In North America XTZ offers a 45 day in-home trial of their products. You're IP address suggests you live in Belgium, so I'm not sure what their policy is where you live, but if it's similar perhaps you should try auditioning them and see how they perform. In the end the only thing that matters is if you like how they sound, and there's only one way to do that; hear them for yourself. It might be something to consider at least.


----------



## superpoppa (May 2, 2018)

theJman said:


> In North America XTZ offers a 45 day in-home trial of their products.


I'm very interested in purchasing the M8 or M6 series but I am having trouble tracking down someone to speak to at XTZ in North America to discuss details like buy and try or warranty. Any advice on how to go forward?


----------



## theJman (Mar 3, 2012)

Their US website has always been a bit of a joke - something I spoke to them about on many an occasion, and one of those people was even the President of the company in Sweden - but to no avail it seems. I just poked around xtzsound.us, the website you would be using as it seems you're from Canada, and the Contact Us page, webforms and support email are all for the European region instead.

I sent you a PM with the name and email address for my US contacts. I haven't communicated with either of them in several years, but hopefully one or both are still with the organization.


----------



## superpoppa (May 2, 2018)

theJman said:


> I sent you a PM with the name and email address for my US contacts. I haven't communicated with either of them in several years, but hopefully one or both are still with the organization.
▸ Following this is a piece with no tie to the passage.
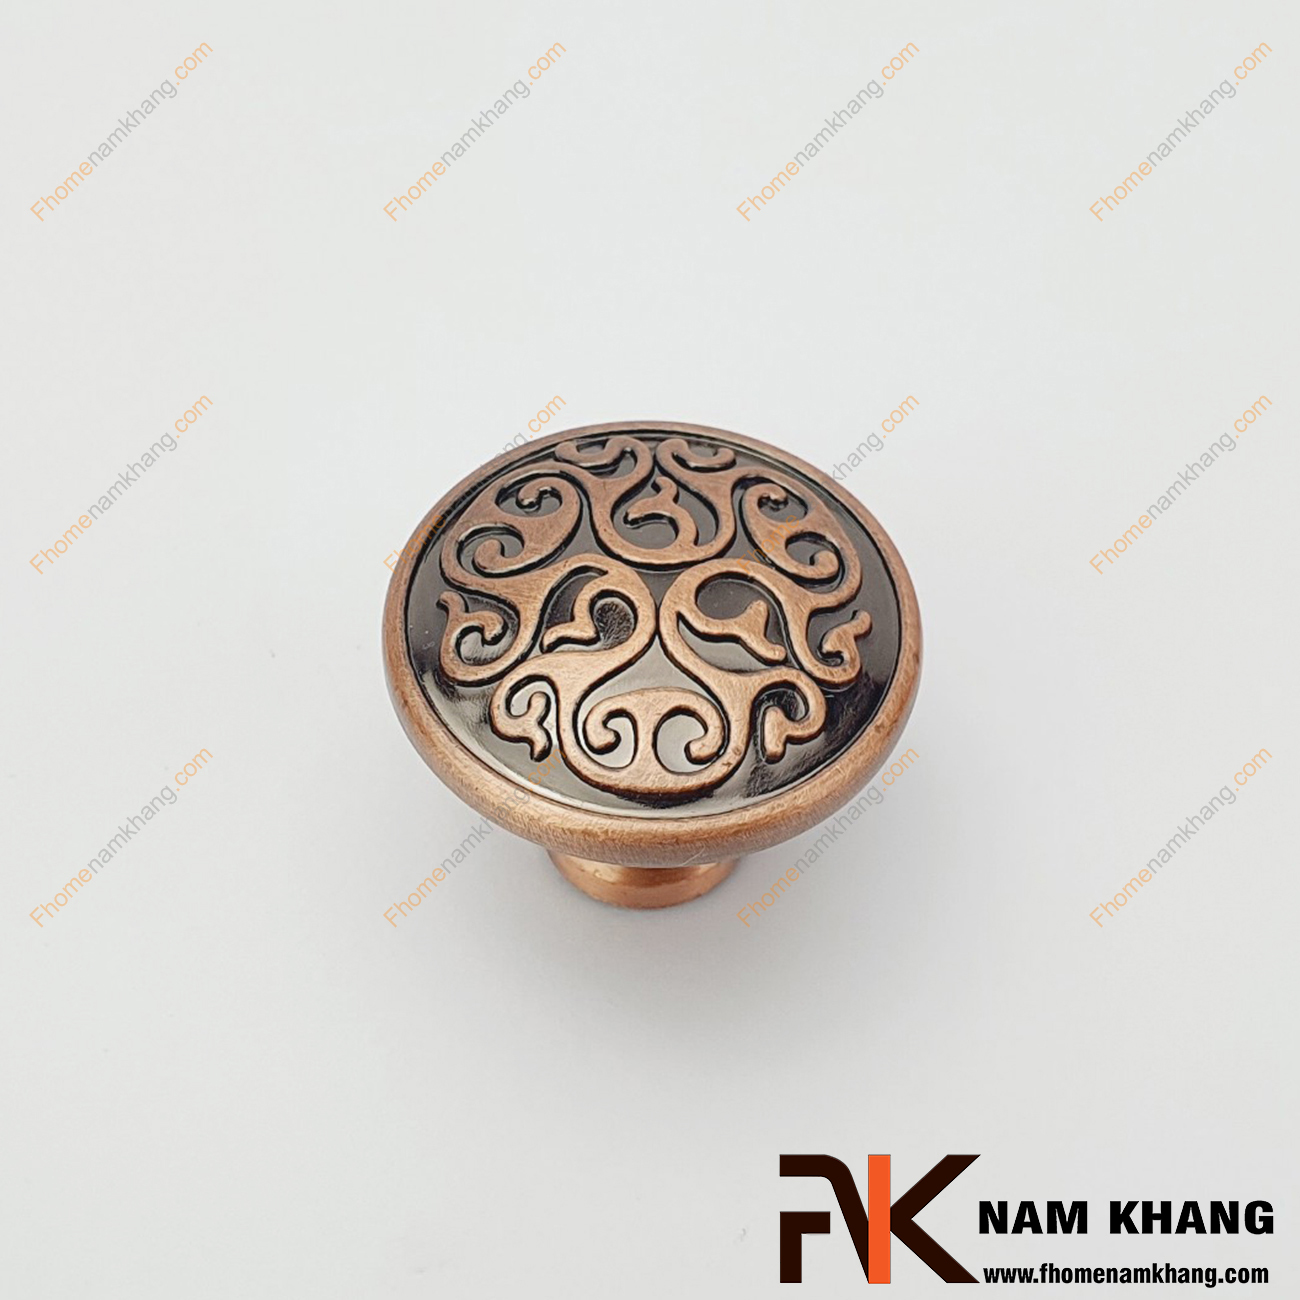 Núm cửa tủ màu đồng cổ NK048-HC, thiết kế đơn giản, họa tiết xoay tròn đối xứng phù hợp với nhiều phong cách tủ kệ.
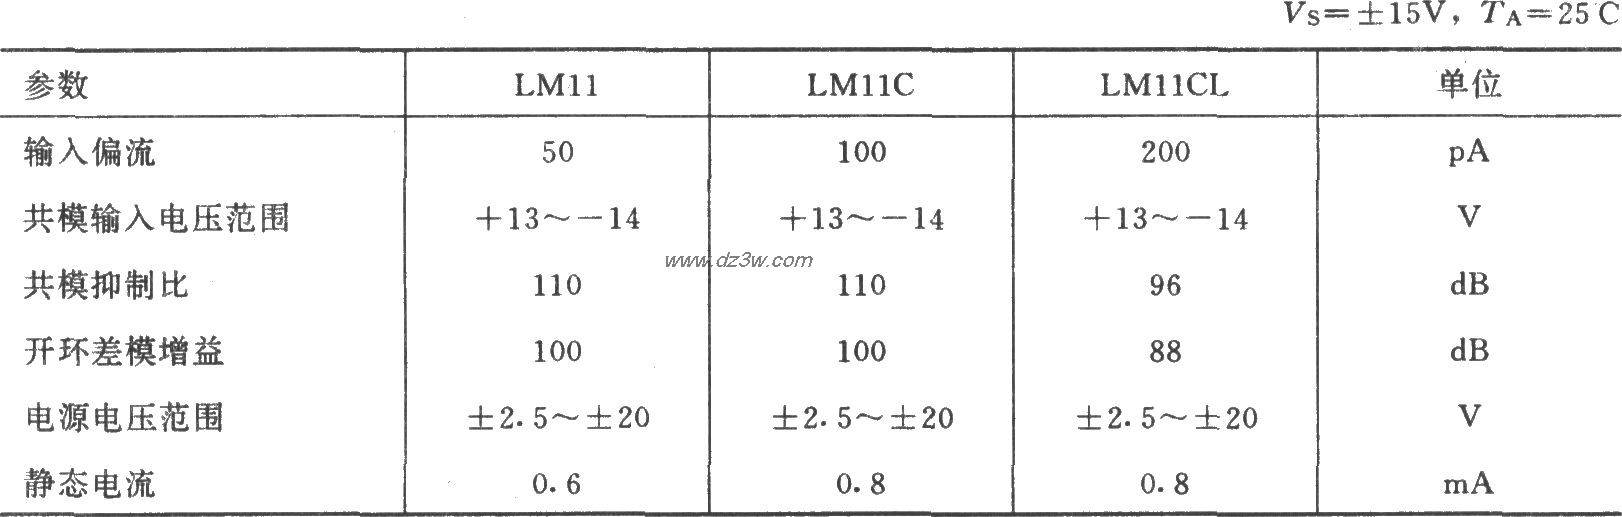 LM11集成運放的主要參數(典型值)

Thank you for the PM. Unfortunately I get a mail delivery failure for both of them which I'm assuming means they are gone. Also using the contact us page on the website leads to a 404 webpage error.

This is disappointing because everything I read from users is they are fantastic performers. But if there is no customer support it leaves me feeling very uncomfortable. I just had some basic questions about warranty and shipping. If I own these and have an issue and can't get a hold of a single human being that's a real problem.


----------